- **Problem description**:
What is needed is an exact copy of the data below, pictures excluded.

- **Supplied data**:

+ + + +

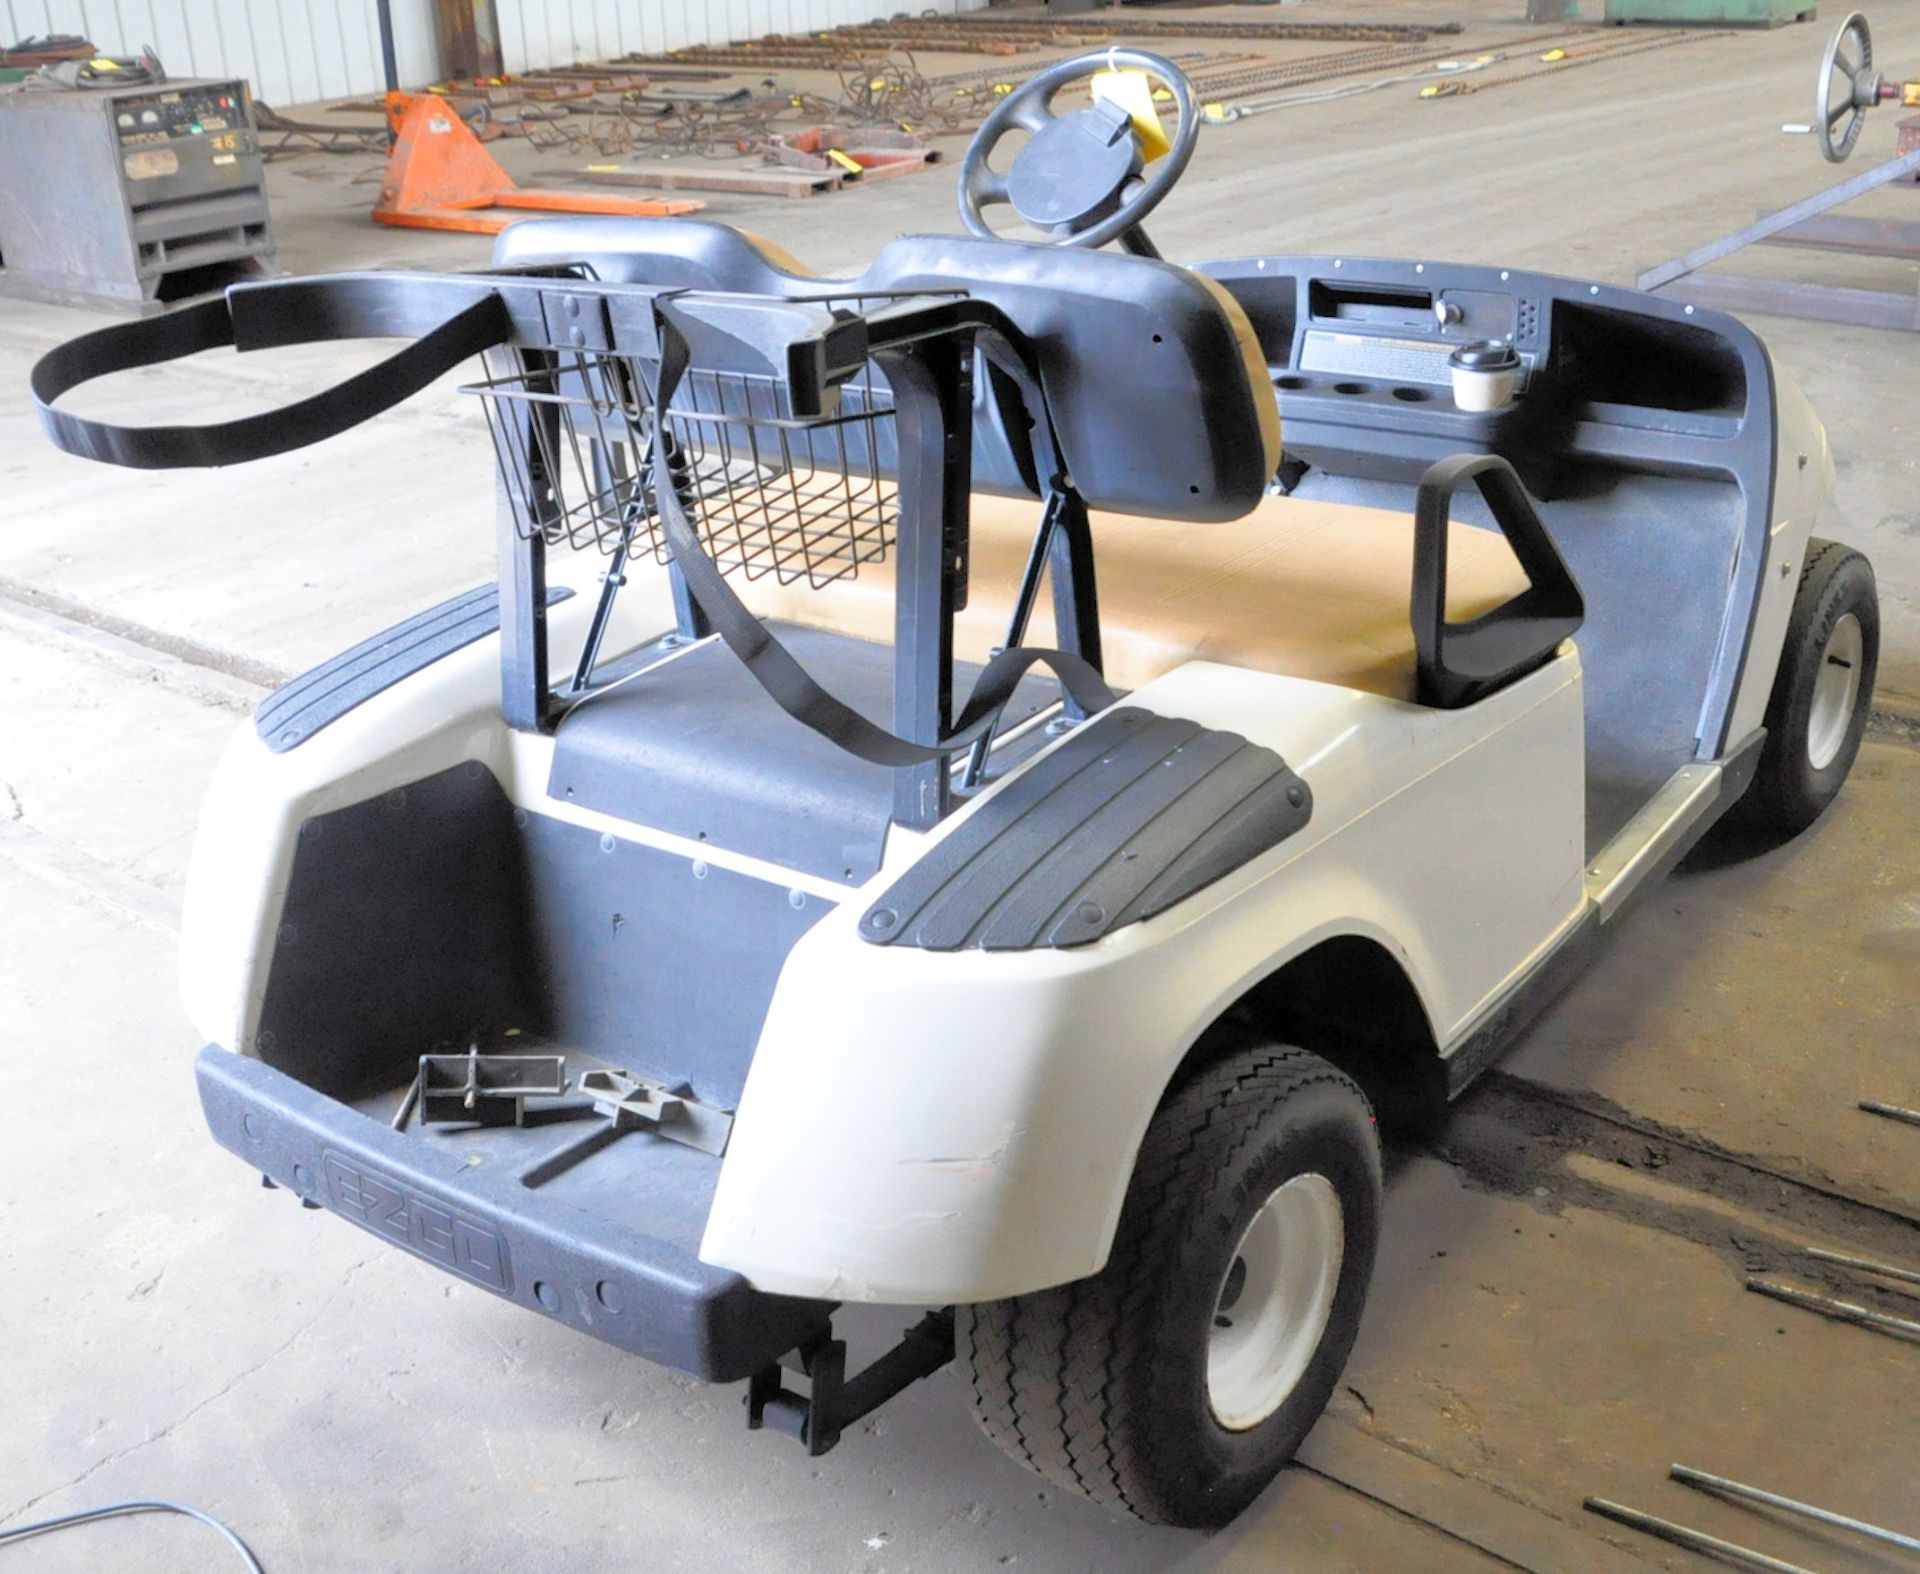 E-Z Go Model J100, 2-Passenger Electric Golf Cart, S/n 1300785, (Needs Batteries) - Image 2 of 3
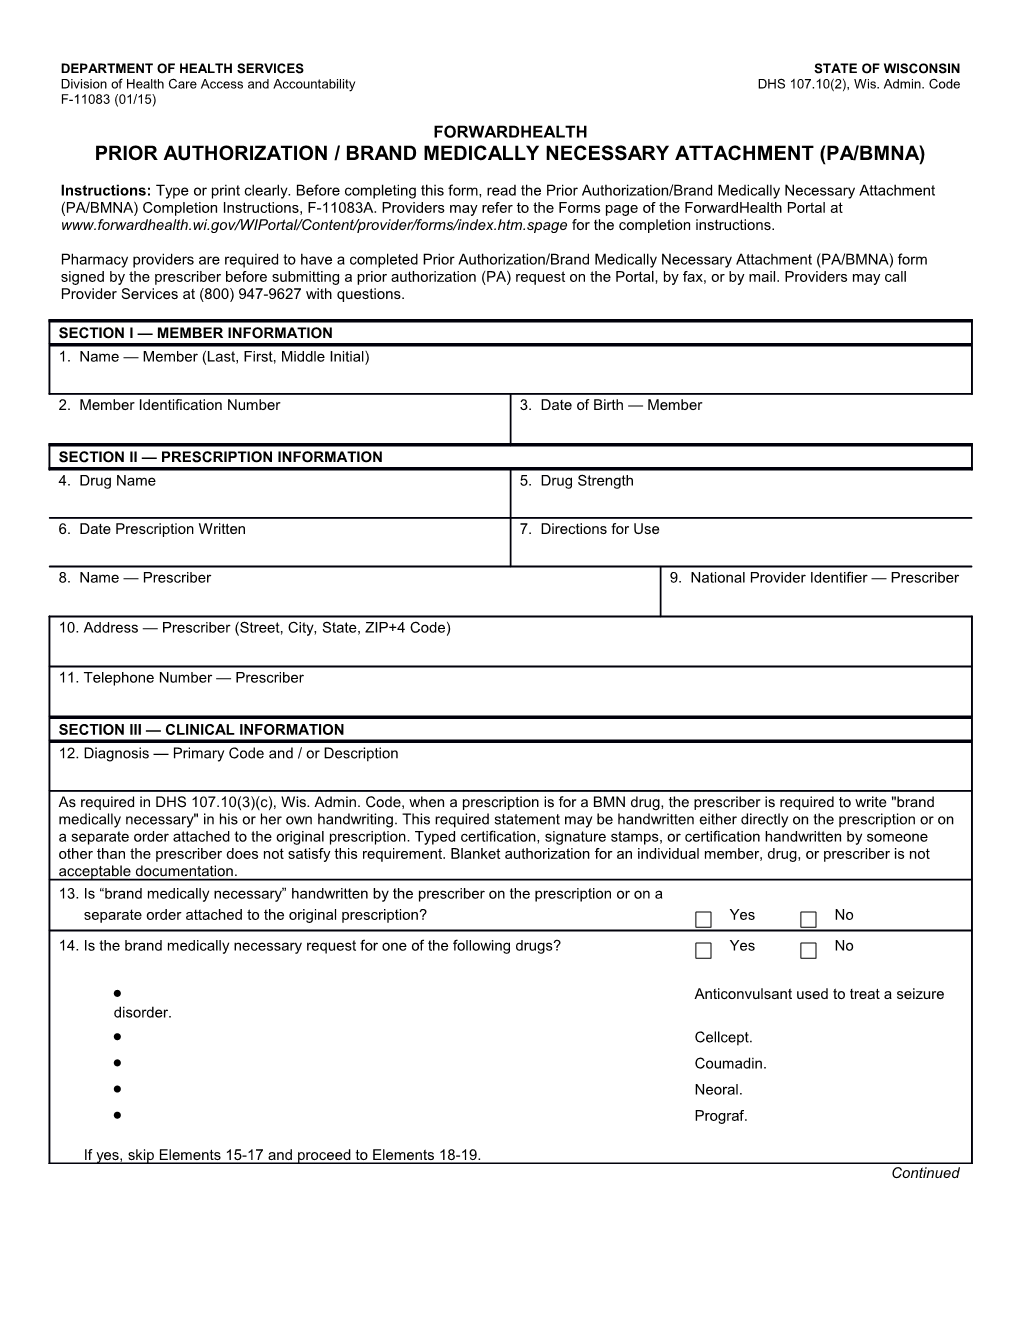 Prior Authorization / Brand Medically Necessary Attachment (Pa/Bmna), F-11083
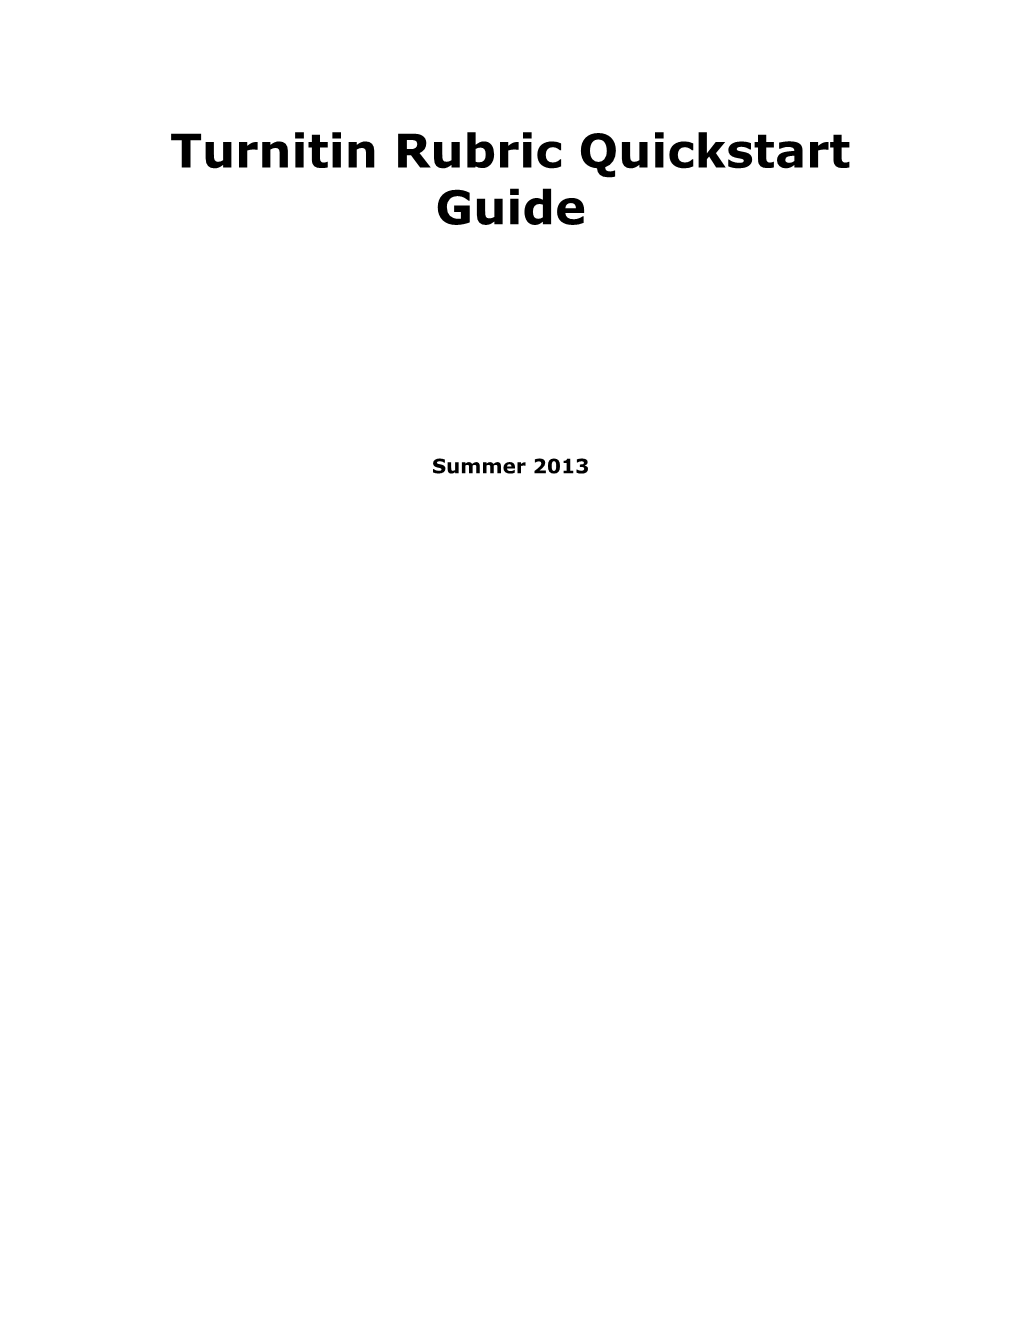 Turnitin Rubric Quickstart Guide

+ + + +

- **Reply to the exercise**:
 E-Z Go Model J100, 2-Passenger Electric Golf Cart, S/n 1300785, (Needs Batteries) - Image 2 of 3
 Prior Authorization / Brand Medically Necessary Attachment (Pa/Bmna), F-11083
 Turnitin Rubric Quickstart Guide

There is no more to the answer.